DiffusionGemma (diffusiongemma-26B-A4B-it)

OrganizationGoogle DeepMind

TypeOpen Source LLM

Parameters26B total / ~3.8B active (MoE)

Benchmark[SELF-REPORTED] MMLU Pro: 77.6% | GPQA Diamond: 73.2%, Epoch AI evaluation pending

AvailabilityHugging Face, Kaggle, Google Cloud Vertex AI Model Garden, Apache 2.0

Speed is the whole pitch. Google states DiffusionGemma generates over 1,000 tokens per second on a single NVIDIA H100 GPU, a figure the company attributes to the model’s core architectural difference: instead of producing tokens one at a time like every standard autoregressive LLM, it generates up to 256 tokens simultaneously in a single forward pass. According to the Hugging Face Gemma 4 release documentation, DiffusionGemma uses discrete diffusion, denoising blocks of text in parallel rather than predicting the next token sequentially. That’s not an optimization of the standard approach. It’s a different approach.

The speed claim checks out on the headline number. Google’s published performance data describes DiffusionGemma as “4x faster” than autoregressive equivalents, confirmed by the Google Blog headline. The 1,000+ tokens/sec absolute figure and the 256-tokens-per-pass detail are attributed to Google and haven’t been independently reproduced yet. The catch is the “5x faster” figure that’s circulated in some coverage: it isn’t supported by the primary source. Use the 4x figure.

The benchmark cost is documented. According to Google’s evaluation, DiffusionGemma scores 77.6% on MMLU Pro and 73.2% on GPQA Diamond. The standard autoregressive Gemma 4 26B scores 82.6% on MMLU Pro and 82.3% on GPQA Diamond, roughly a 5-to-9 point gap on reasoning-heavy benchmarks.
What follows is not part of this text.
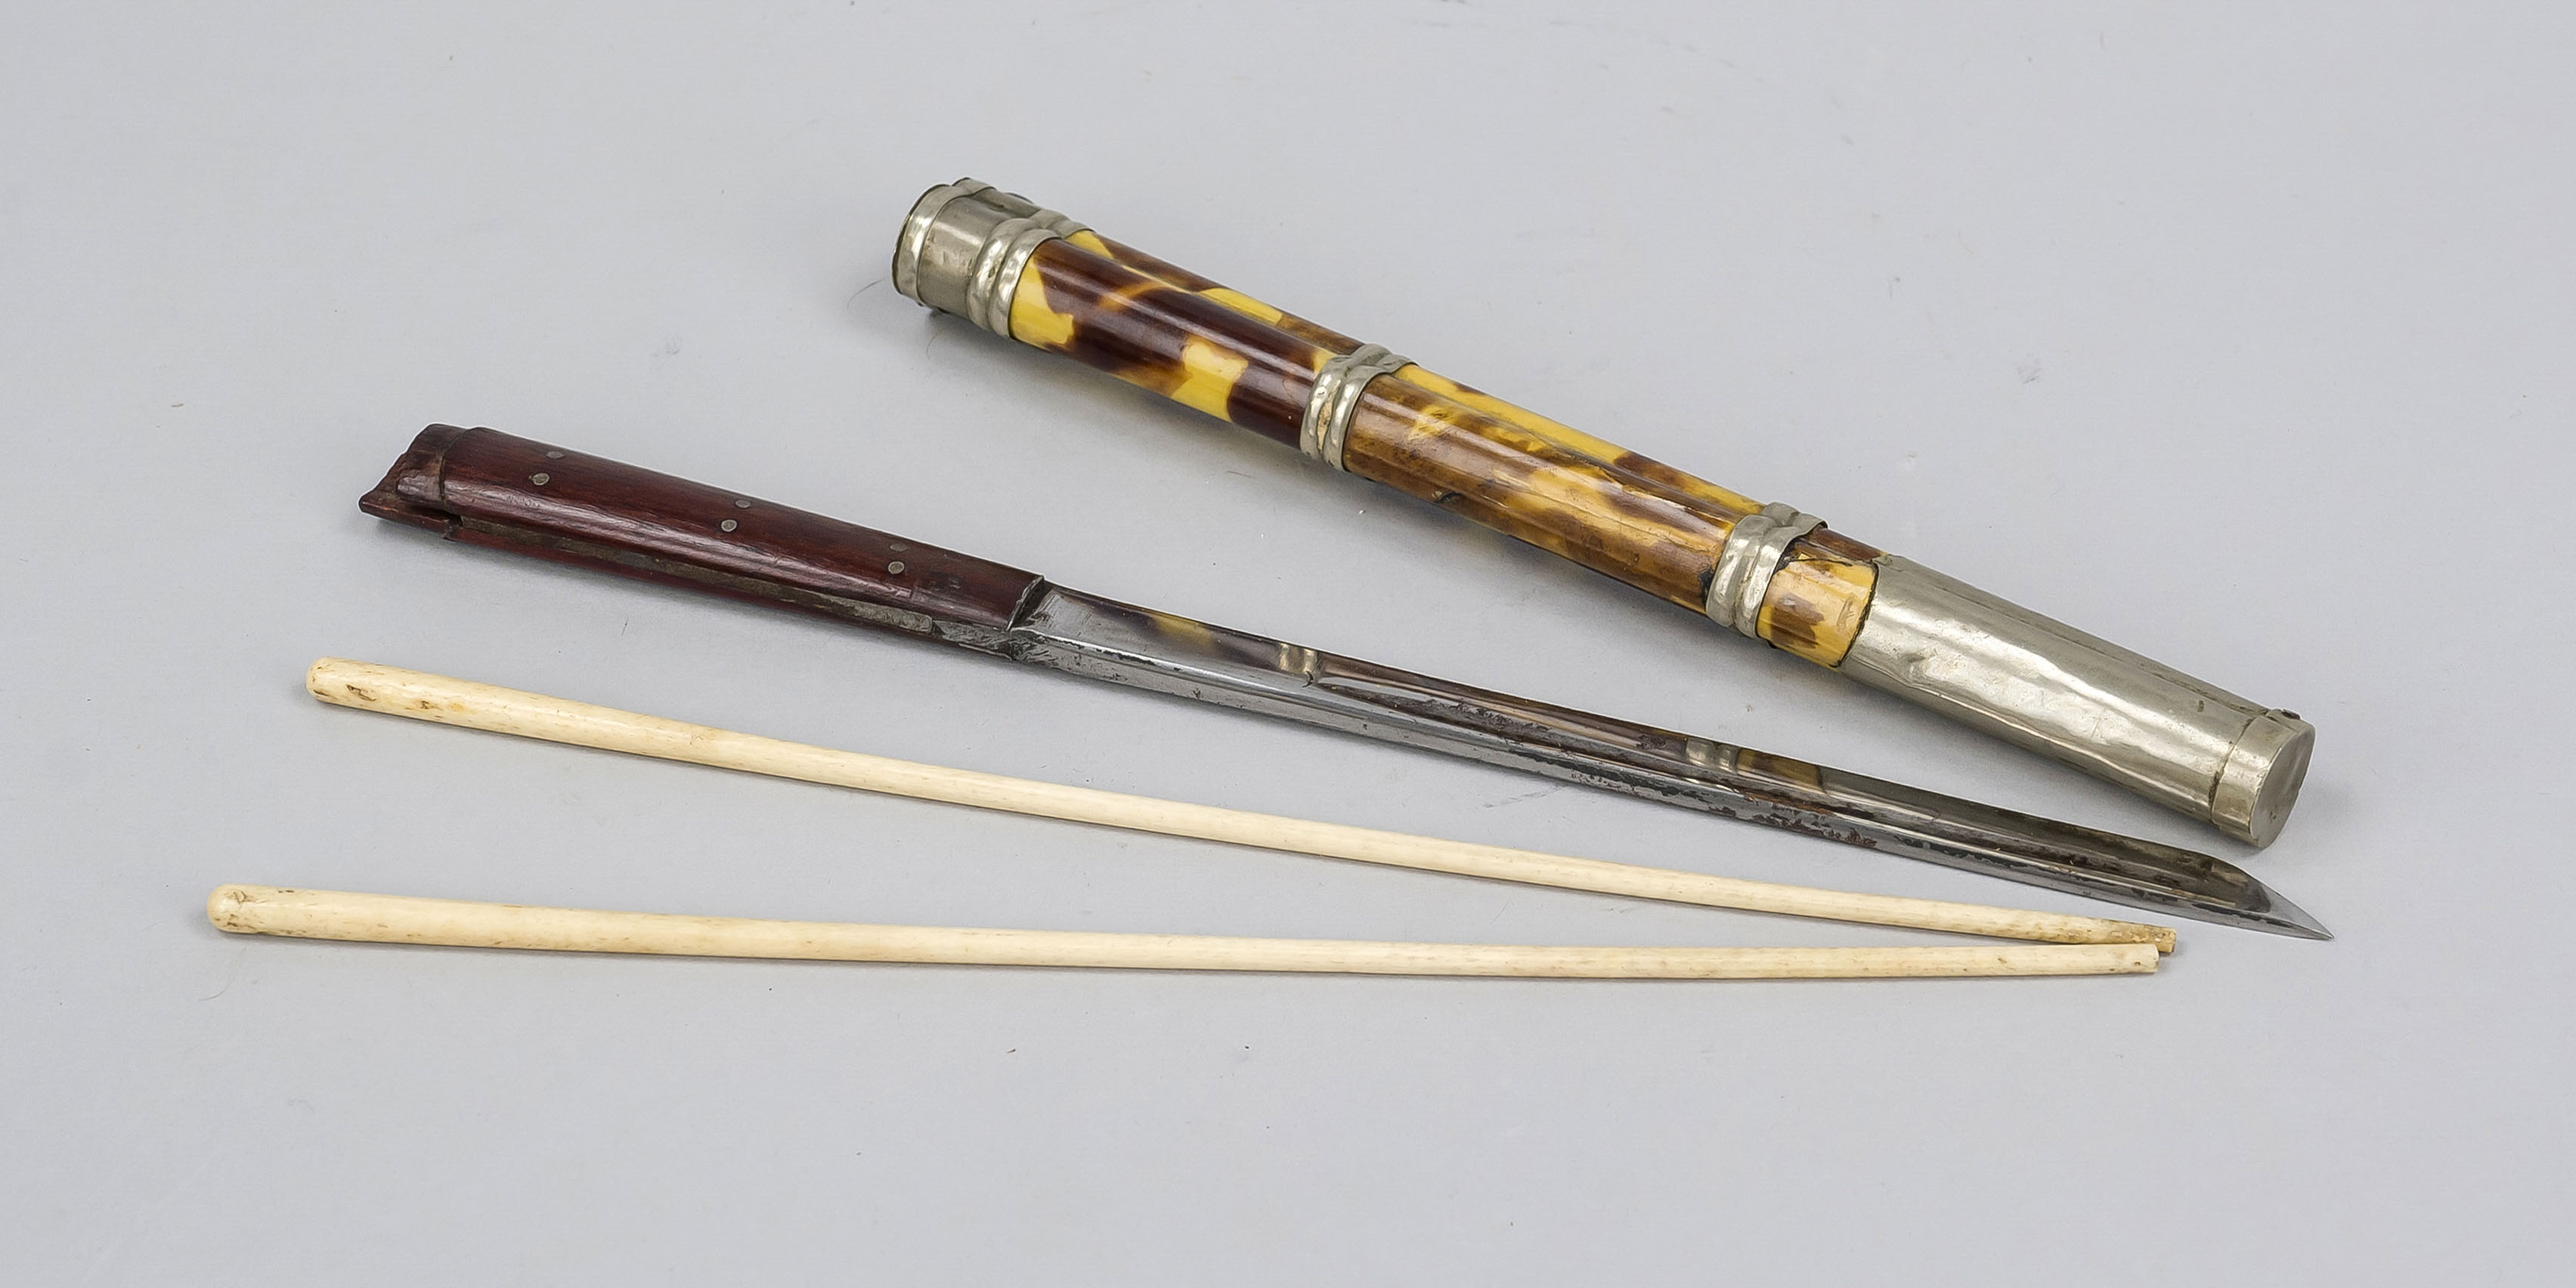 Travel cutlery, China, late 19th century (late Qing). Consisting of a pair of bone chopsticks and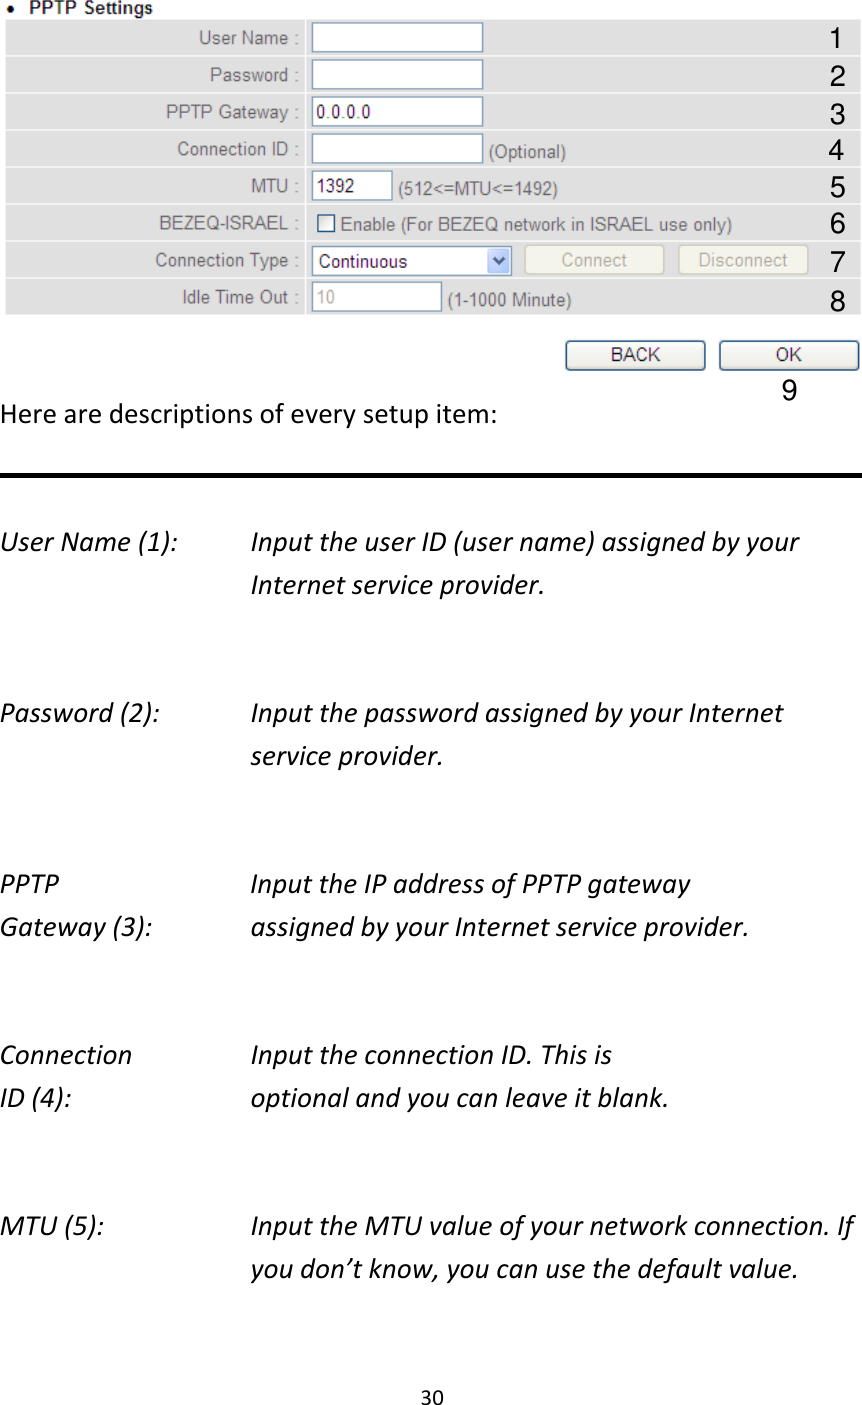 30   Here are descriptions of every setup item:  User Name (1):    Input the user ID (user name) assigned by your Internet service provider.  Password (2):    Input the password assigned by your Internet service provider.  PPTP    Input the IP address of PPTP gateway Gateway (3):    assigned by your Internet service provider.  Connection       Input the connection ID. This is ID (4):          optional and you can leave it blank.  MTU (5):    Input the MTU value of your network connection. If you don’t know, you can use the default value.  1 2 3 4 5 6 7 9 8

These figures are self-reported and haven’t been independently verified; an Epoch AI evaluation is pending. Until that evaluation lands, treat the specific scores as directional rather than definitive.

Benchmark Scores, DiffusionGemma vs. Gemma 4 26B (Standard)

DiffusionGemma, MMLU Pro

77.6% (self-reported)

Gemma 4 26B Standard, MMLU Pro

82.6% (self-reported)

DiffusionGemma, GPQA Diamond

73.2% (self-reported)

Gemma 4 26B Standard, GPQA Diamond

82.3% (self-reported)

The architecture sits on the Gemma 4 26B Mixture-of-Experts foundation, 26 billion total parameters, with approximately 3.8 billion active during inference, confirmed across multiple independent sources including the Hugging Face model documentation. Google states the quantized model (NVFP4 format) runs in under 18GB of VRAM, putting it within reach of RTX 4090 and 5090 hardware. Weights are open under an Apache 2.0 license, available through Hugging Face, Kaggle, and Google Cloud Vertex AI Model Garden. The 18GB VRAM figure is vendor-stated; don’t build your infrastructure plan around it before independent confirmation.

The part nobody mentions: GPQA Diamond at 73.2% is a meaningful gap from the autoregressive baseline. GPQA Diamond specifically tests doctoral-level scientific reasoning, the kind of problem-solving that makes LLMs genuinely useful for research, complex coding, and multi-step analysis. A 9-point drop there isn’t a rounding error. For throughput-heavy workloads, synthetic data generation, real-time content pipelines, high-volume summarization, the speed advantage is real and the accuracy loss may not matter. For reasoning-intensive tasks, the math points the other way.

Verification

Partial Google Blog (speed claim) + Hugging Face documentation (architecture) + T3 secondary sources (parameters) Benchmark scores are vendor self-reported. 1,000+ tokens/sec absolute figure is Google-attributed only. Epoch AI independent evaluation pending.

Disputed Claim

DiffusionGemma is 4x to 5x faster than autoregressive equivalents

The 4x figure is confirmed by Google's published headline. The 5x upper bound is not supported by the primary source.

Use 'up to 4x faster, per Google', remove the 5x figure from any production context.

Don’t expect DiffusionGemma to replace your primary inference stack. This is a specialized tool for specific throughput scenarios, not a general-purpose upgrade. The architectural novelty is genuine, discrete text diffusion is a meaningful departure from the autoregressive paradigm that’s dominated LLM development, but novelty and utility aren’t the same thing.

Wait for the Epoch AI evaluation before any production migration decisions. The self-reported benchmarks are directional; they’re not a deployment green light.